The Lone Ranger is a live-action Western-style film directed by Gore Verbinski and released by Walt Disney Pictures in 2013. This action movie is based on a radio show of the same name that was first broadcasted in 1933 on WXYZ. It stars Johnny Depp as Tonto, a Native American who accompanies the Lone Ranger, played by Armie Hammer, while bringing justice during the American Old West period. Although the titular character is one of the most popular characters in American pop culture, The Lone Ranger film adaptation was unable to capitalize on the character’s popularity and failed at the box office, making it one of Disney’s biggest movie flops. There were many reasons as to why the film became a box office failure, and to know more about them, here is the brief production history and reception of The Lone Ranger.


Before Disney announced their plans to produce a Lone Ranger film, it was Columbia Pictures that first wanted to create the film adaptation with the participation of Classic Media, who owned the rights to the character during that time in March 2002. Columbia Pictures wanted the tone of the film to be similar to The Mask of Zorro, a 1998 film starring Antonio Banderas, and they also requested to the hired writers, David and Janet Peoples, that Tonto should be re-written as a female love interest. After the script was written, Jonathan Mostow, known for directing Terminator 3: Rise of the Machines, was hired to be the director for the adaptation. However, Columbia declared a turnaround in 2005, which prevented them from investing further in the project.

Jerry Bruckheimer then purchased the film rights of Lone Ranger around 2007 in order for Walt Disney Pictures to produce a movie adaptation of the radio show. Writers Terry Rossio and Ted Elliott, who previously worked on the Pirates of the Caribbean film series, were then hired by Disney to be the screenwriters for the film. In 2008, Disney announced that Johnny Depp would play the role of Tonto in the Lone Ranger and that the script written by Elliott and Rossio, which features supernatural story elements, was re-written by Justin Haythe to retain the original’s Western theme.

Disney would take two years before they can decide who will direct the film, as they wanted Depp to finish filming the fourth Pirates of the Caribbean film and Mike Newell, the proposed director for the Lone Ranger, to finish the production for Prince of Persia: The Sands of Time.

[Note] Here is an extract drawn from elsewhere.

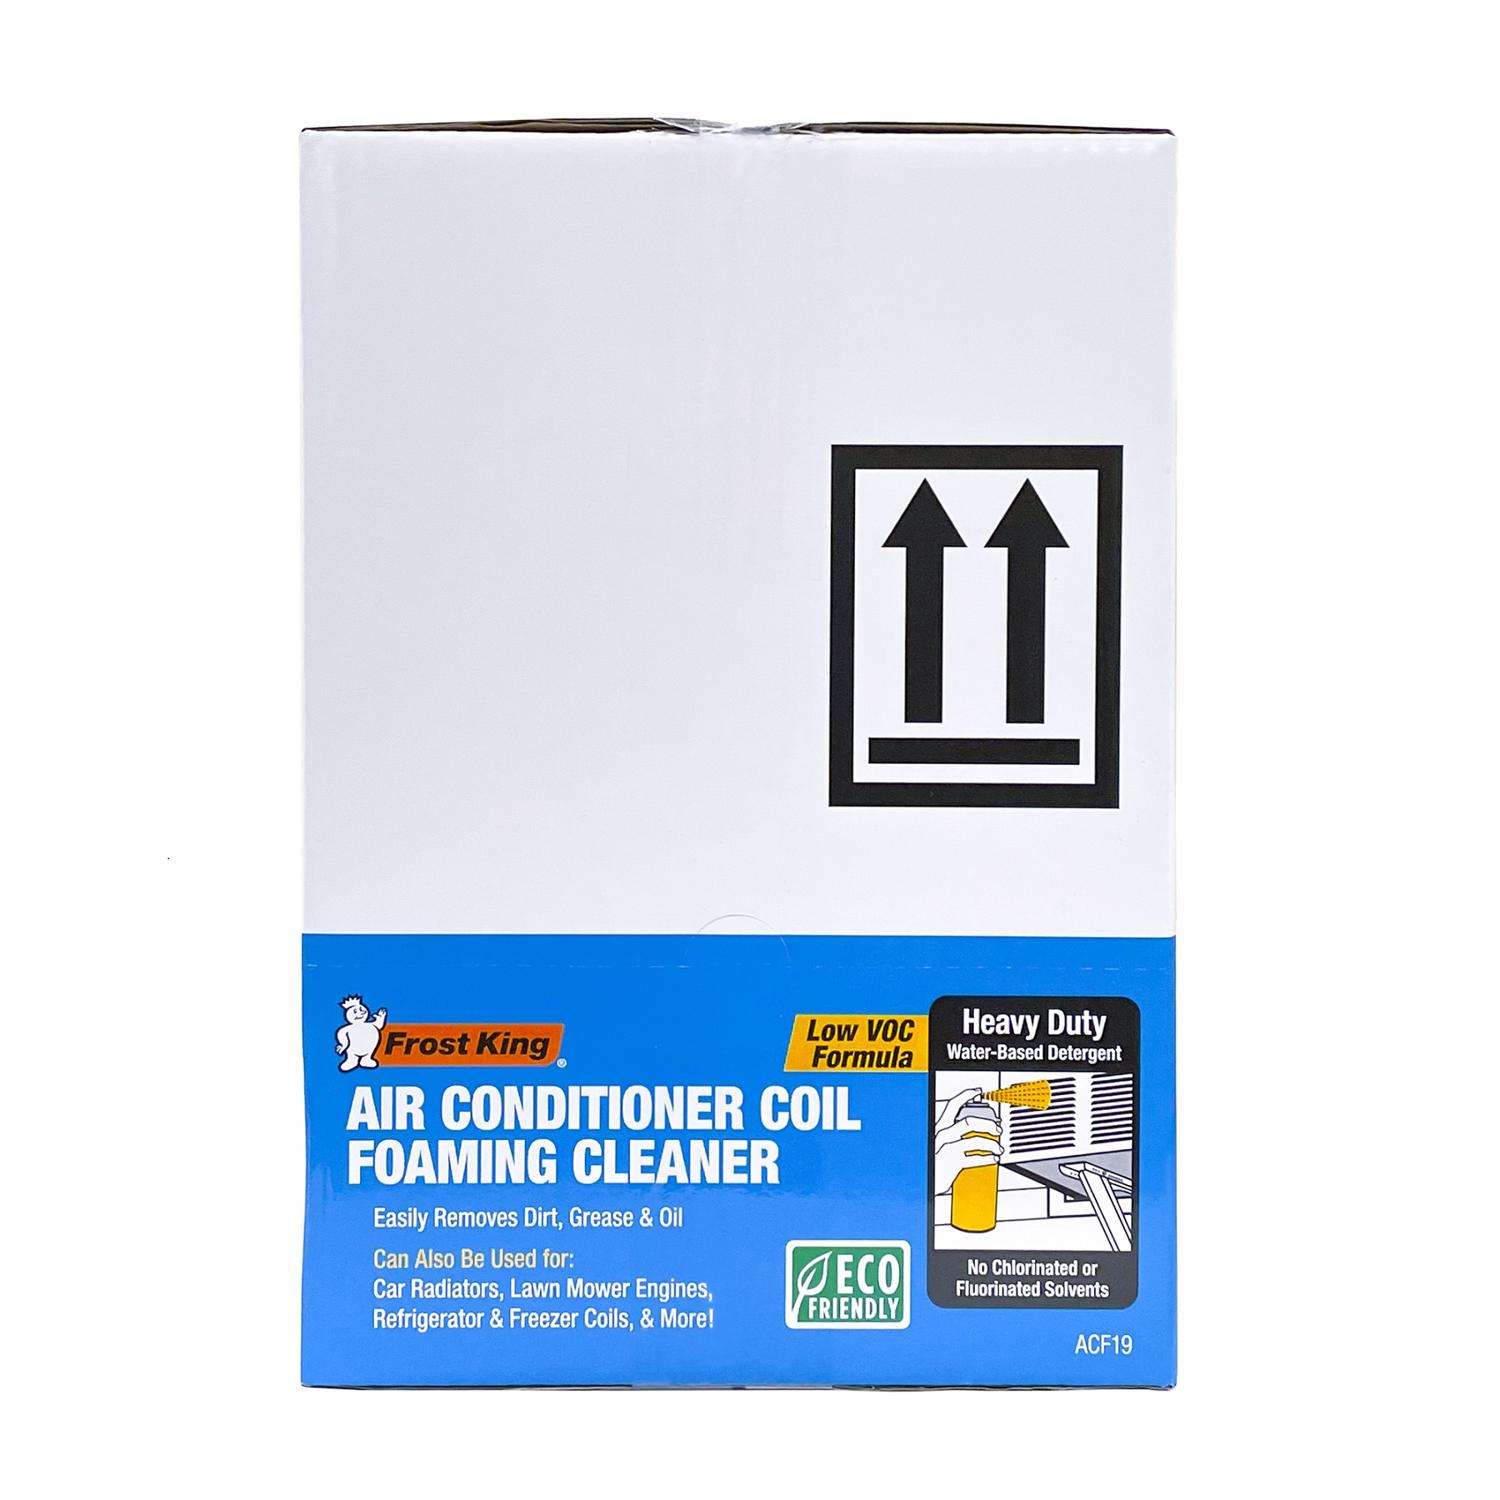 WEB Web 19 oz Condenser Coil Cleaner - Professional Grade Foam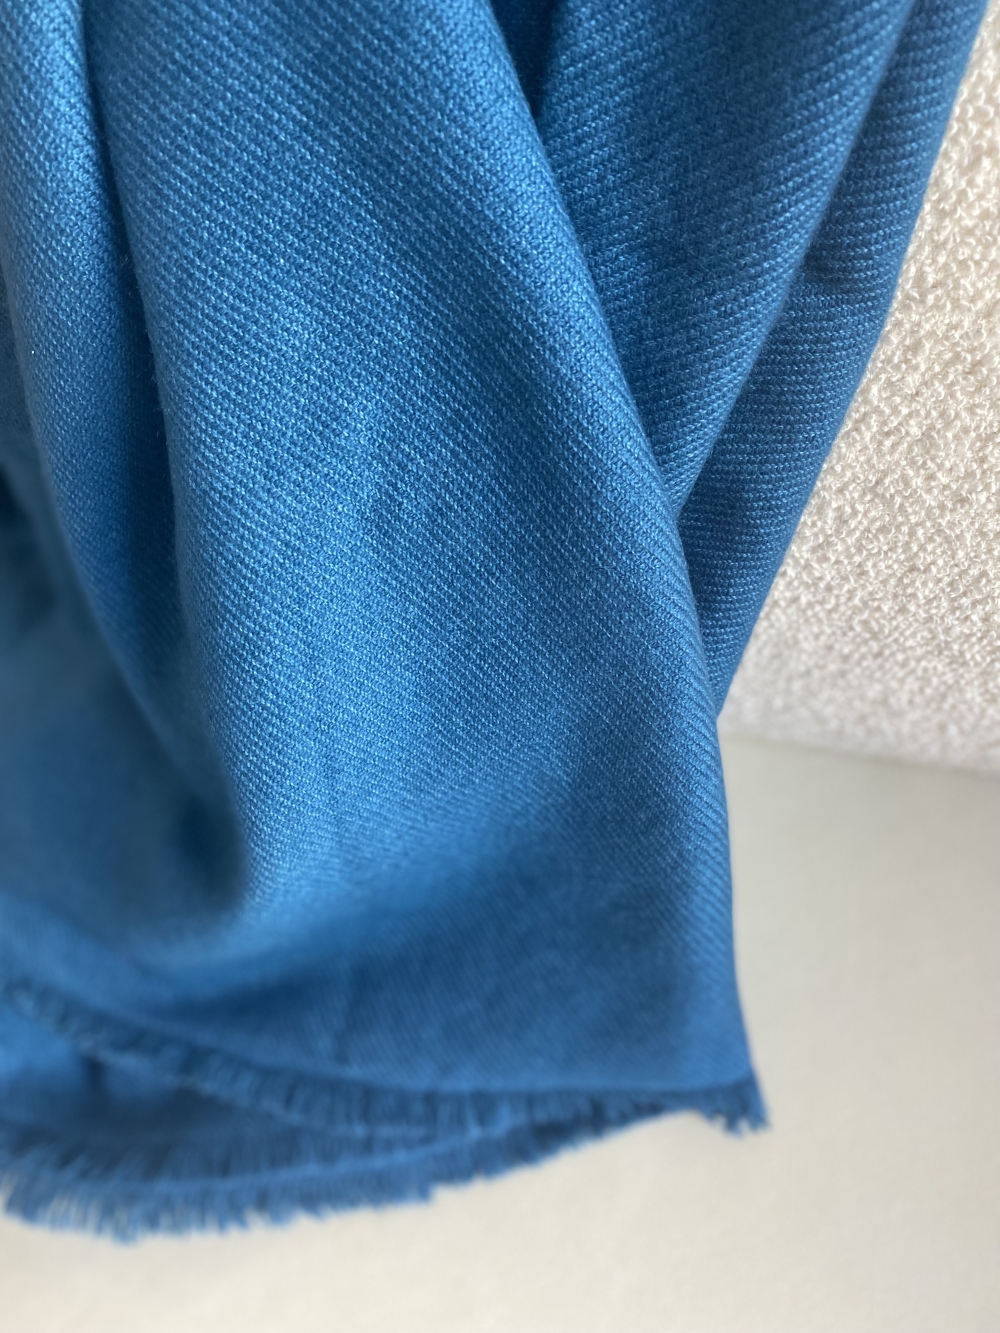 Cachemire accessoires nouveautes toodoo plain s 140 x 200 bleu canard 140 x 200 cm

When Newell’s film bombed at the box office in 2010, Disney did not hire Newell to direct the film anymore; instead, they hired Gore Verbinski, who also served as the director for the previous Pirates of the Caribbean films.

Unfortunately, Disney announced on August 12, 2011, that The Lone Ranger film would be delayed because of budget concerns that were brought up by Bob Iger, the CEO of the company. The main concern about the film’s budgets is that the money to be put on it may exceed the initial plan, so in order to minimize the movie’s budget, Verbinski, Depp, Hammer, and Bruckheimer opted to defer 20% of their salary. Two months later, Disney announced that the filming for the movie would continue in 2012 after sorting out the budget concerns.

During the filming process of The Lone Ranger, the production team was met with different problems, and these complications include weather issues, an outbreak of chickenpox in one location, several wildfires, and the death of a crew member named Michael Andrew Bridger, who died after an accident inside a large water tank. Despite these setbacks, the production team was able to finish production at the end of 2012.

The Lone Ranger and Tonto in the original TV series


When The Lone Ranger was released in North American theatres on July 3, 2013, it was reported that it only grossed $9.67 million. In its opening weekend, it grossed $29.3 million in a span of three days. Because of the low box office sales during its first week, The Lone Ranger is speculated to be a box office flop for Disney. Overall, the movie was able to gross $260.5 million, which was low, considering that its budget was estimated to be around $250 million.

The poor box office sales of The Lone Ranger is said to have been brought by the negative reviews by film critics, who states that the two main actors in the movie were a bad miscast and that the story was too convoluted for viewers to understand. In addition, the bland script was also criticized, which led to the bland acting of both Hammer and Depp. When the negative reviews were upload and published on several news websites and magazines, the number of audiences for The Lone Ranger started diminishing, and it led to empty theatres in some parts of the world.

Depp, Hammer, and the production team behind The Lone Ranger openly criticized the critics, stating that the writers of the reviews anticipated the film to bomb because of its budget and not because of the story, thus leading to them already having a negative opinion on the movie even before watching it. A few years after the poor release of The Lone Ranger, many movie enthusiasts regarded the movie as an “underrated gem” and a “soon-to-be cult classic” based on its colorful cast of characters and wacky story. Because of the newfound appreciation for the movie, some people in the movie industry believed that the movie was given negative reviews unjustifiably when it was released.